■ Data for the task:
• • • • • • •

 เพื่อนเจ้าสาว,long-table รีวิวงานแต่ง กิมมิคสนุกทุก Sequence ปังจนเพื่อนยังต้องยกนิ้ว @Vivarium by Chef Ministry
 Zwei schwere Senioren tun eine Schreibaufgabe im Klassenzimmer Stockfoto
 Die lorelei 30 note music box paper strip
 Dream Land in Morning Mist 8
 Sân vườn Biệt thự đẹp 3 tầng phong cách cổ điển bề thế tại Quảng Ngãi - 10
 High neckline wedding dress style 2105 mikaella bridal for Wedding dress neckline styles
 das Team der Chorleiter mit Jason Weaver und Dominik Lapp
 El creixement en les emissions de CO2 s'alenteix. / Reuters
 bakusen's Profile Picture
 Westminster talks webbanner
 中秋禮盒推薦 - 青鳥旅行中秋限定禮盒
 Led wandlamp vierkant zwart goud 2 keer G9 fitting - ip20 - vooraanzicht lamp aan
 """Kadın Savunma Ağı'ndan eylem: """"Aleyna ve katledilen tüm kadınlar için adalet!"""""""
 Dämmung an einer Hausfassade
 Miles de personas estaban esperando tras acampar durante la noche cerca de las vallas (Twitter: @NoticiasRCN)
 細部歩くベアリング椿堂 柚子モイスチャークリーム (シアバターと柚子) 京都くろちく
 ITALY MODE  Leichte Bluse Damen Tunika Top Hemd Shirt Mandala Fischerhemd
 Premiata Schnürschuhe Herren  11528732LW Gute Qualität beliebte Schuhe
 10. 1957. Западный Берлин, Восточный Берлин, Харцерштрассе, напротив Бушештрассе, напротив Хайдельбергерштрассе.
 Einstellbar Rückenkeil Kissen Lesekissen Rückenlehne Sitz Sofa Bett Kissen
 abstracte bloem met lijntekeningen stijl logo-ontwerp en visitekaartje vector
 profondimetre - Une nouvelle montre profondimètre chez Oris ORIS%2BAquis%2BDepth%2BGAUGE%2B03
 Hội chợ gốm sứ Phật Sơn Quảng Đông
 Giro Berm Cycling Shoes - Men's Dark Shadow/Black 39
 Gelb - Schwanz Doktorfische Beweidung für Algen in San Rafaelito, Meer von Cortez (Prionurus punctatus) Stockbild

• • • • • • •

■ What this task involves: Output, unchanged, only the lines from the one that holds "10. 1957. Западный" through the last line of the material above.

■ Solution to the problem:
 10. 1957. Западный Берлин, Восточный Берлин, Харцерштрассе, напротив Бушештрассе, напротив Хайдельбергерштрассе.
 Einstellbar Rückenkeil Kissen Lesekissen Rückenlehne Sitz Sofa Bett Kissen
 abstracte bloem met lijntekeningen stijl logo-ontwerp en visitekaartje vector
 profondimetre - Une nouvelle montre profondimètre chez Oris ORIS%2BAquis%2BDepth%2BGAUGE%2B03
 Hội chợ gốm sứ Phật Sơn Quảng Đông
 Giro Berm Cycling Shoes - Men's Dark Shadow/Black 39
 Gelb - Schwanz Doktorfische Beweidung für Algen in San Rafaelito, Meer von Cortez (Prionurus punctatus) Stockbild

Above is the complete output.